На первом попавшемся самолете вылетел я в Бухарест. Такой уж рейс подвернулся. Мог бы полететь и в Софию, или под Будапешт, — чистая случайность. А от нее уже потянулся ряд событий, которых я никак предвидеть не мог. Если бы мне какая-нибудь цыганка нагадала, что батальона своего я уже не увижу и на передовой не побываю, и как рвутся снаряды не услышу, что буду до конца войны администратором, дипломатом, кем угодно, но только не сапером, — я бы посмеялся над нелепой гадалкиной фантазией.
В Бухарест мы прилетели большой компанией офицеров, но уже у выхода с аэродрома я отстал. Больная нога расходилась медленно, подпрыгивать, чтобы поспеть за другими, я не хотел, пошел не торопясь, солидно, и вскоре потерял своих попутчиков из виду.

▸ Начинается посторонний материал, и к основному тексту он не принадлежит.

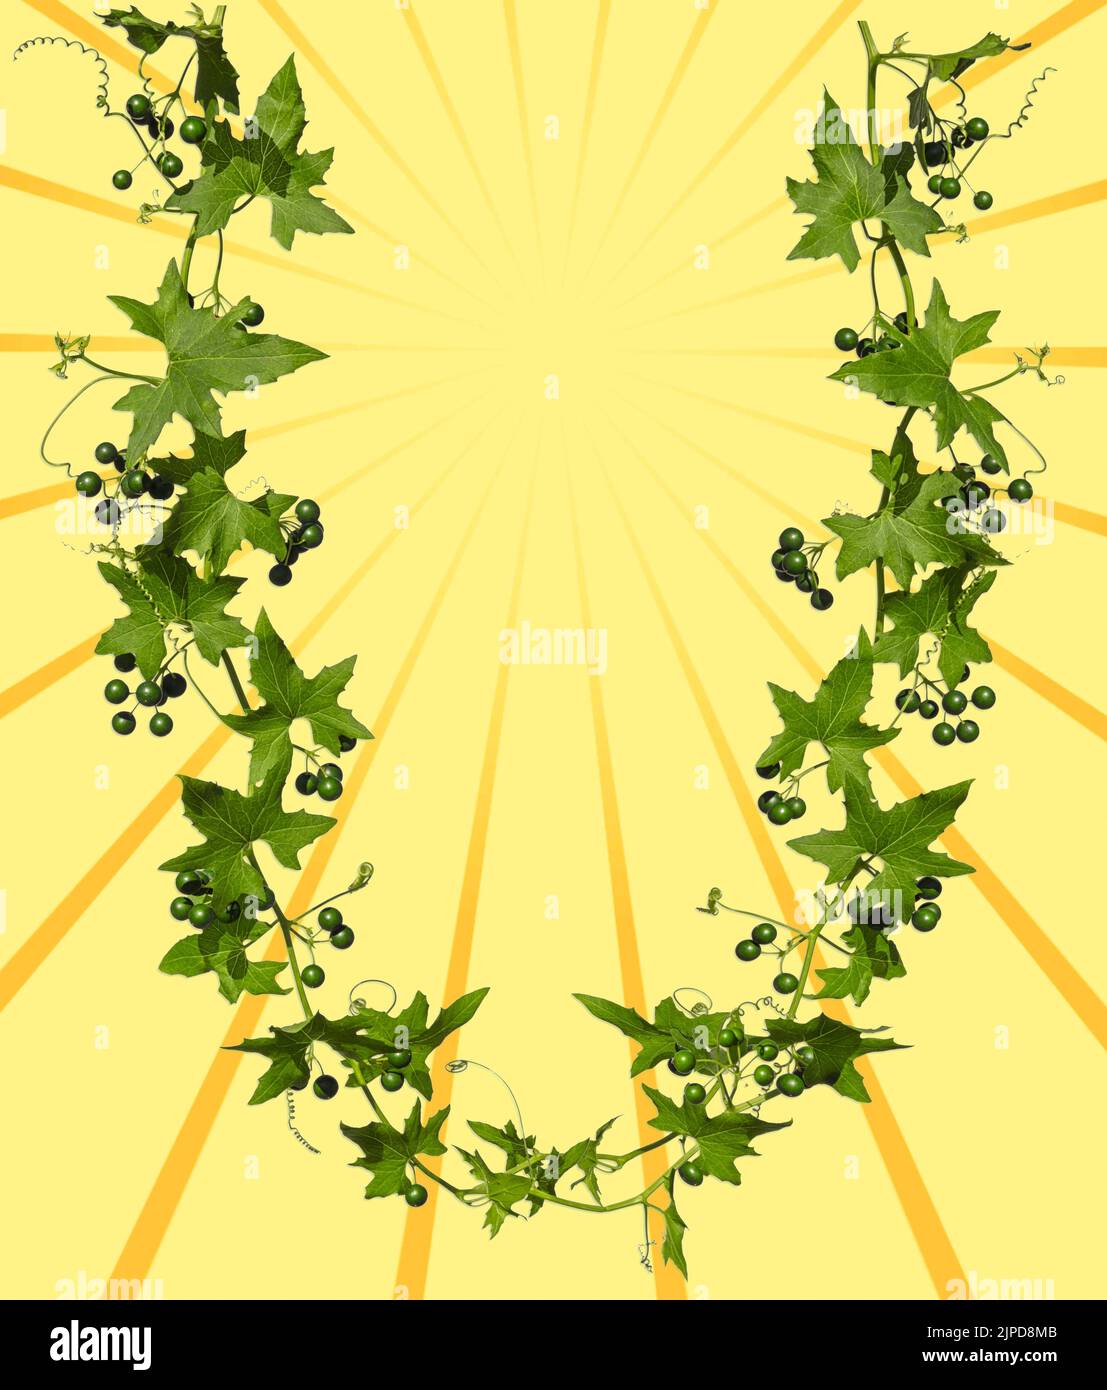 Las ramas de hiedra con hojas verdes y bayas forman la letra U, con espacio de copia para su texto en un fondo de la imagen de los rayos del sol. Foto de stock

Когда вышел на улицу, возникло у меня странное ощущение нереальности окружающей обстановки. Как будто перенес меня самолет не на четыреста километров вперед, а на много лет назад. Навстречу мне шли люди из довоенных заграничных фильмов. Проехала на высоких рессорах и дутых шинах двуколка. И гнедая, лоснившаяся под солнцем лошадь, и кучер в куцем пиджачке с медными пуговицами, в цилиндре, подгонявший лошадь длинным тонким хлыстом, и сидевшая в экипаже нарядная женщина — все было из далекого, чужого прошлого.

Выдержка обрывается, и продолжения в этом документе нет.